╭─ Data section

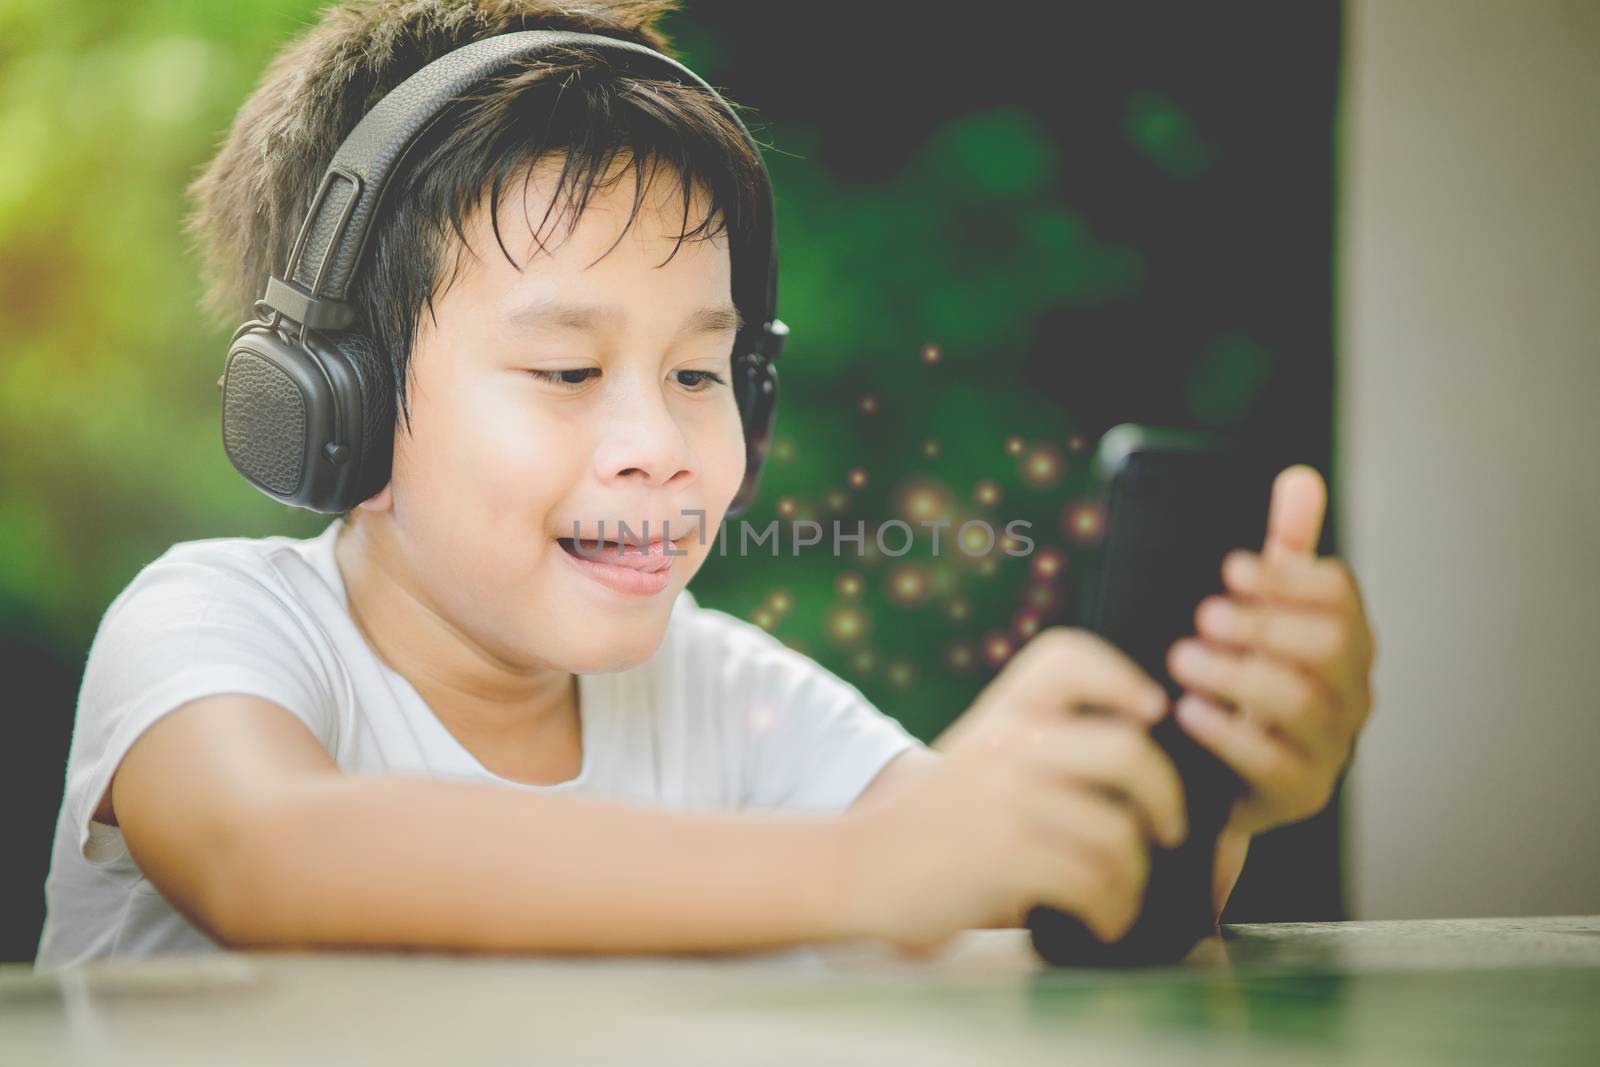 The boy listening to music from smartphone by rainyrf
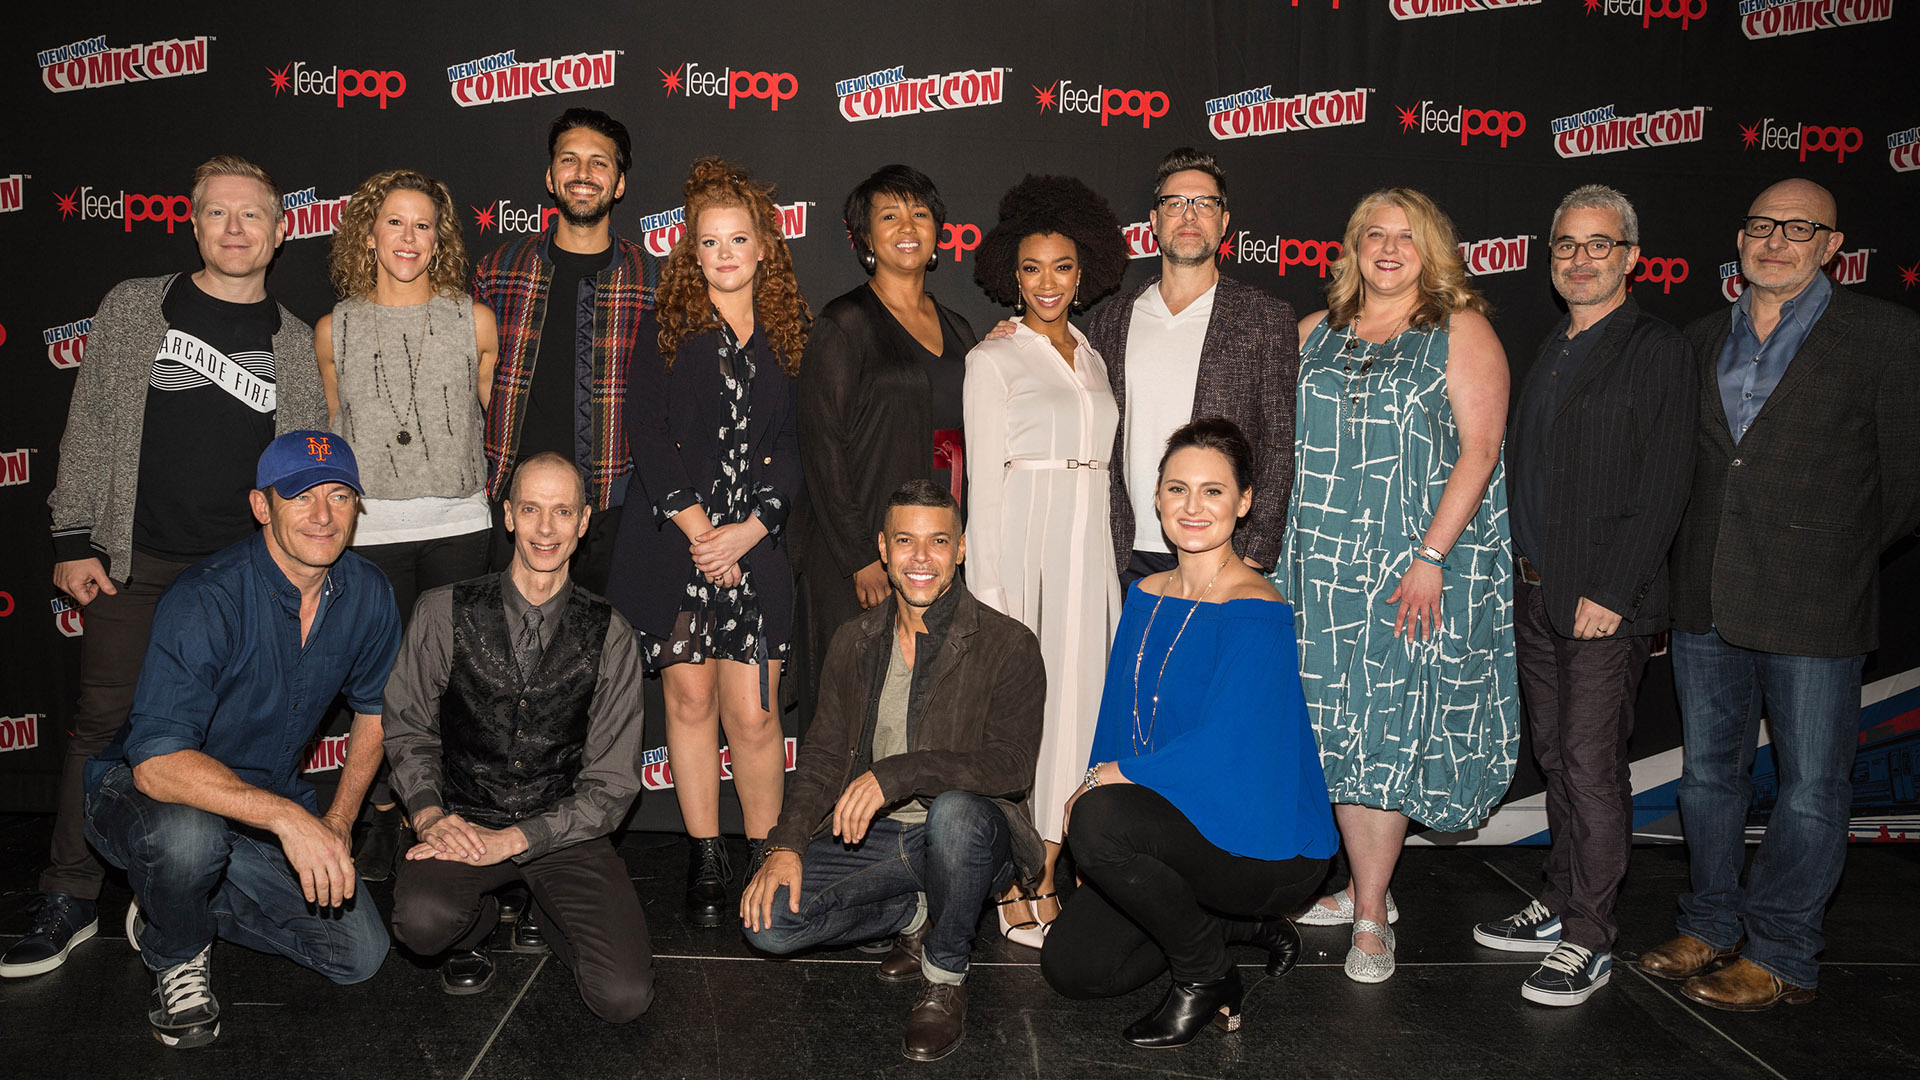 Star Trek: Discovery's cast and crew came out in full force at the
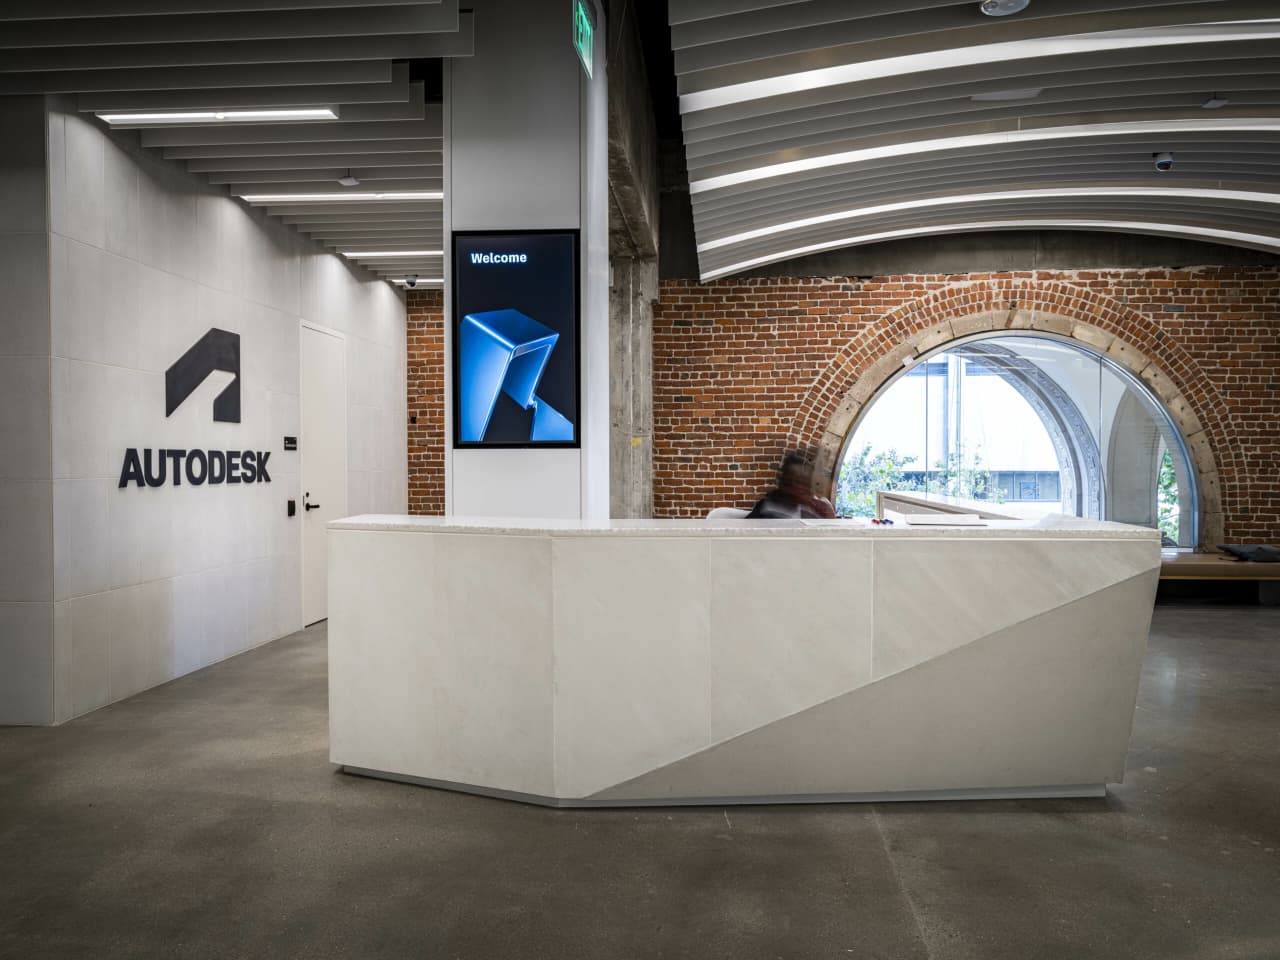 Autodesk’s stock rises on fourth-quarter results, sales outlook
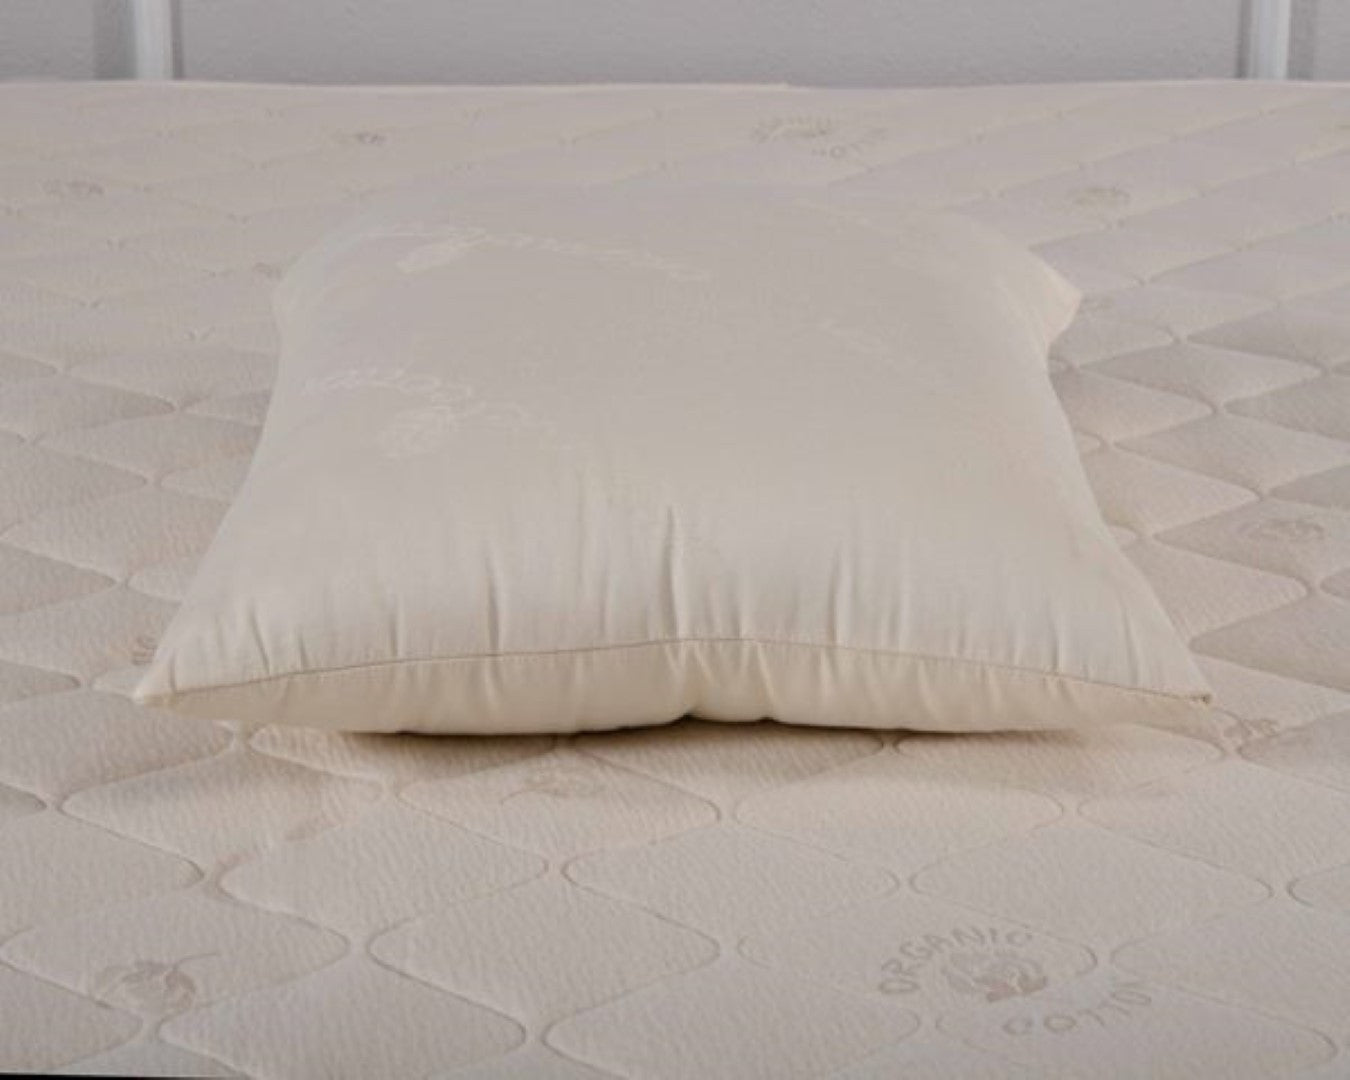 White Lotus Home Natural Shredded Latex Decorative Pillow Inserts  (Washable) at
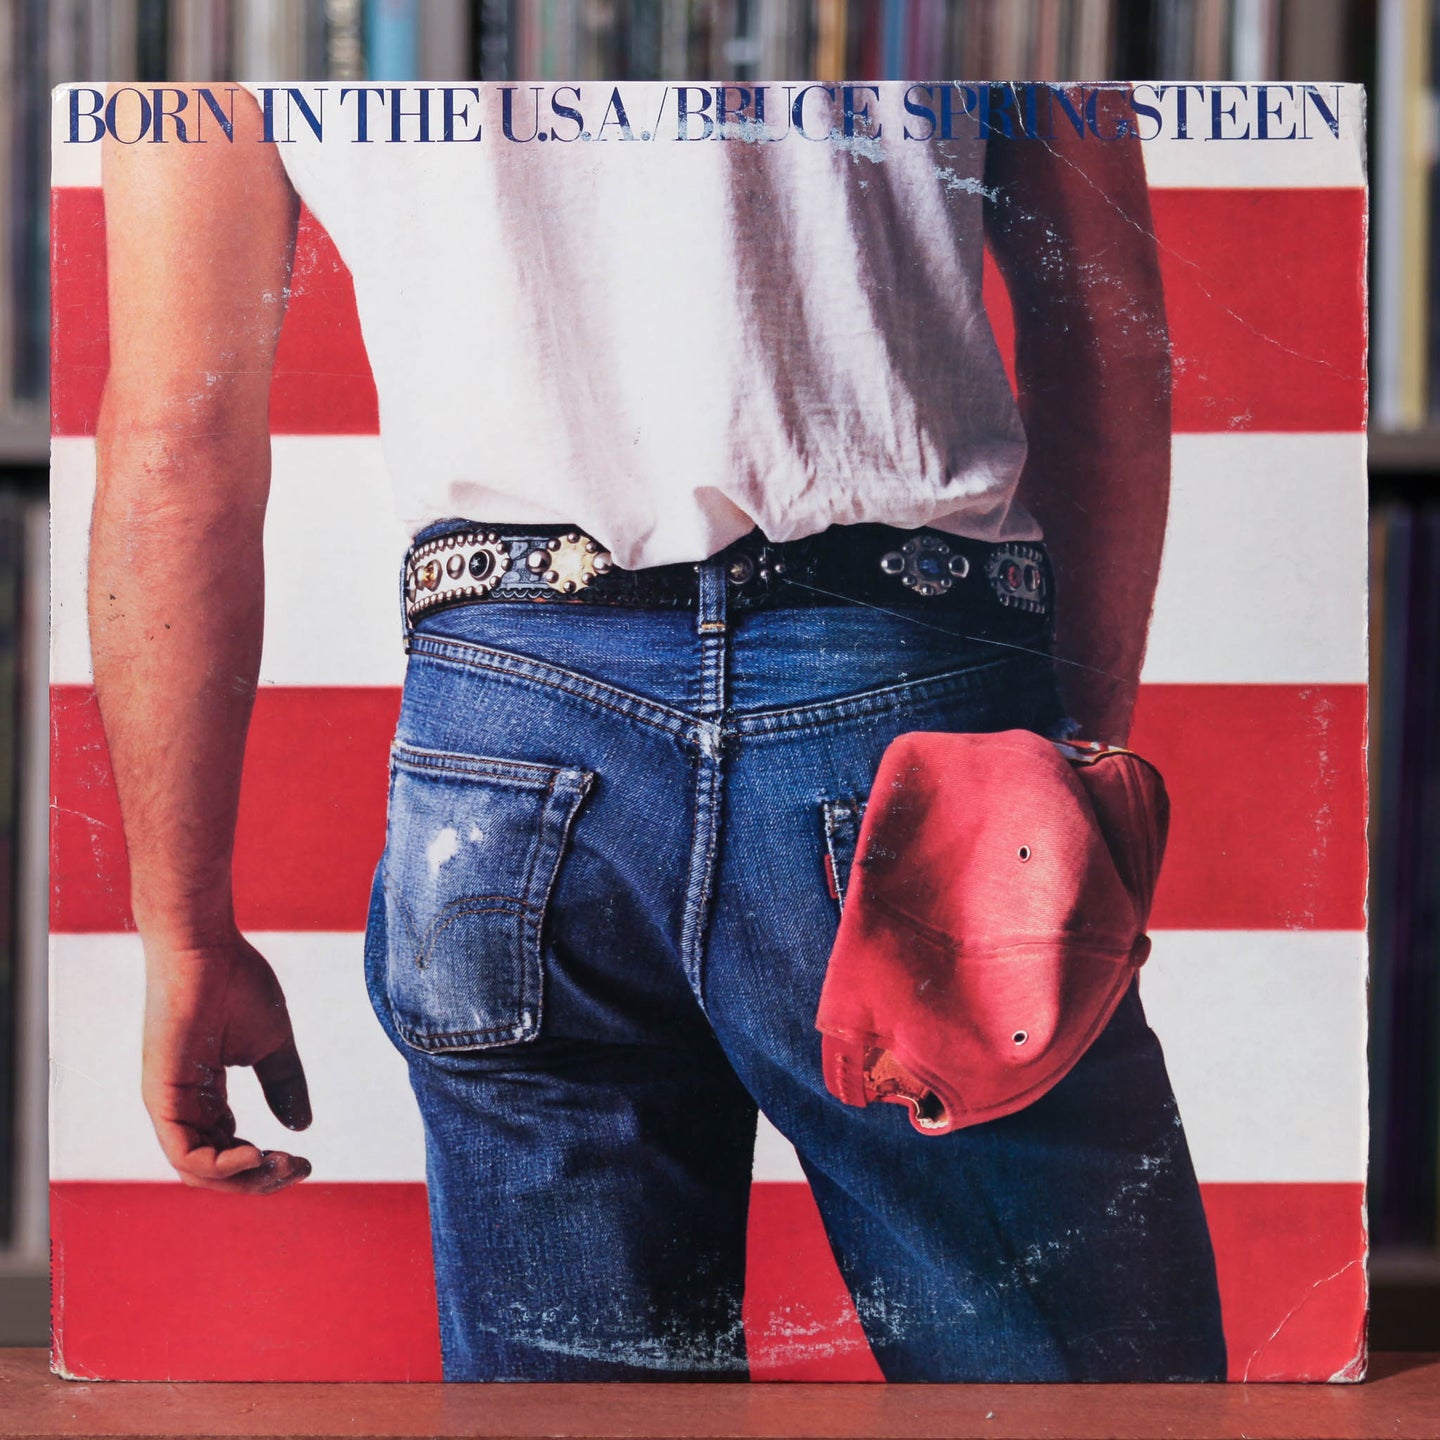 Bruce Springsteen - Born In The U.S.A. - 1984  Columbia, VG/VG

╰─

→ **Problem to work on**
Pictures excluded, copy exactly the lines running from the one with "Star Trek: Discovery's" through the last line of the material.

→ **Finished exercise**
 Star Trek: Discovery's cast and crew came out in full force at the
 Autodesk’s stock rises on fourth-quarter results, sales outlook
 White Lotus Home Natural Shredded Latex Decorative Pillow Inserts  (Washable) at
 Bruce Springsteen - Born In The U.S.A. - 1984  Columbia, VG/VG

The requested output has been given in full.